The computational complexity explodes as we add Pokémon. With just 7 Pokémon, we evaluated 595 unique matchups. With 50 Pokémon, we’d need to analyze over 230,000 team combinations and millions of matchups. For n Pokémon, we’d need approximately O(n² + (n choose 3)²) matchups. Pokémon battles hit a sweet spot where optimal strategies exist but are hard to find due to the massive state space. That said, it’s possible! (We might just have to rewrite our Python in Rust…)

Next, we’d like to expand to the top 50 Pokémon in the current meta, handling unknown movesets and randomness better. Eventually we want to tackle 6v6 with switching. That’s 9 choices per turn instead of 4.

Our writeup and code are available on GitHub if you’d like to explore or build on our work. Special thanks to Professor Manolis Vlatakis for mentoring us through this project! This project grew out of his graduate class at UW-Madison: Game Theory, Optimization, and Learning (in Spring '25).
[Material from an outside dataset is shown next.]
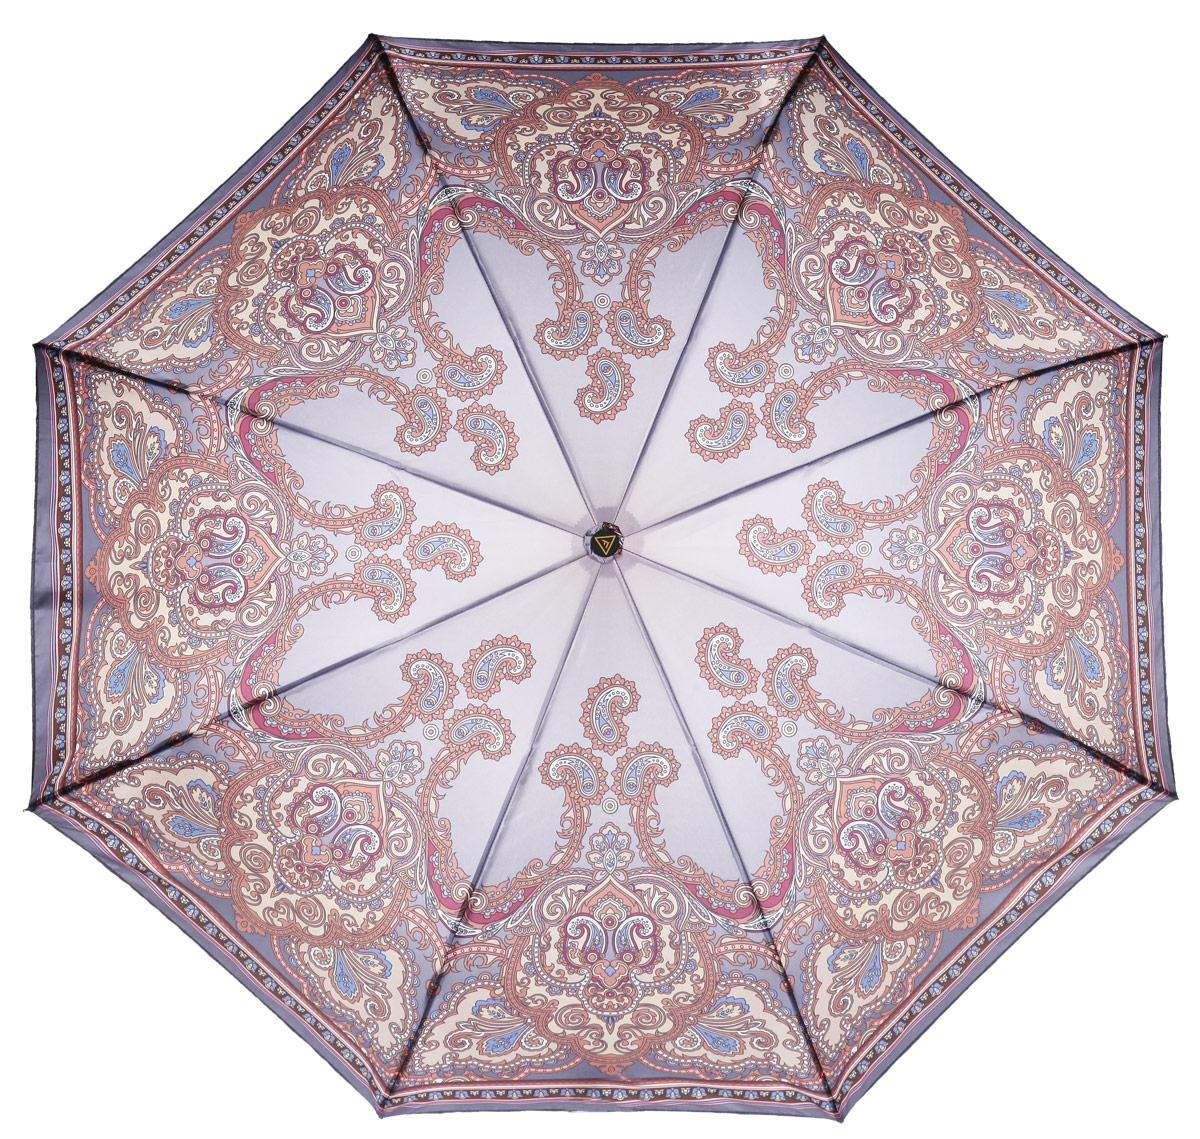 Зонт женский Fabretti, автомат, 3 сложения, цвет: фиолетовый, коричневый. S-15109-3Fabretti S-15109-3Женский зонт Fabretti изготовлен из полиэстера, обработанного водоотталкивающей пропиткой, и металла. Оформлен интересным цветочным принтом. Каркас работает в три сложения, что идеально подойдет для женщин. Ручка разработана с учетом требований эргономики, имеет полиуретановое покрытие. В комплект к зонту прилагается чехол, который закрывается на застежку-молнию. Надежный зонт защитит от дождя и позволит вам оставаться стильной и элегантной даже в ненастную погоду.

This is rock-paper-scissors at the team level. Just because Team A beats Team B and Team B beats Team C doesn’t necessarily mean Team A beats Team C. So no single team dominates. ↩︎
We ultimately ran over 1 million simulations per matchup to account for all random outcomes — computationally intensive, but necessary for statistical significance. ↩︎
While we used the standard Smogon Strategy Dex movesets for consistency, competitive players often run surprise movesets to stay unpredictable. ↩︎

❦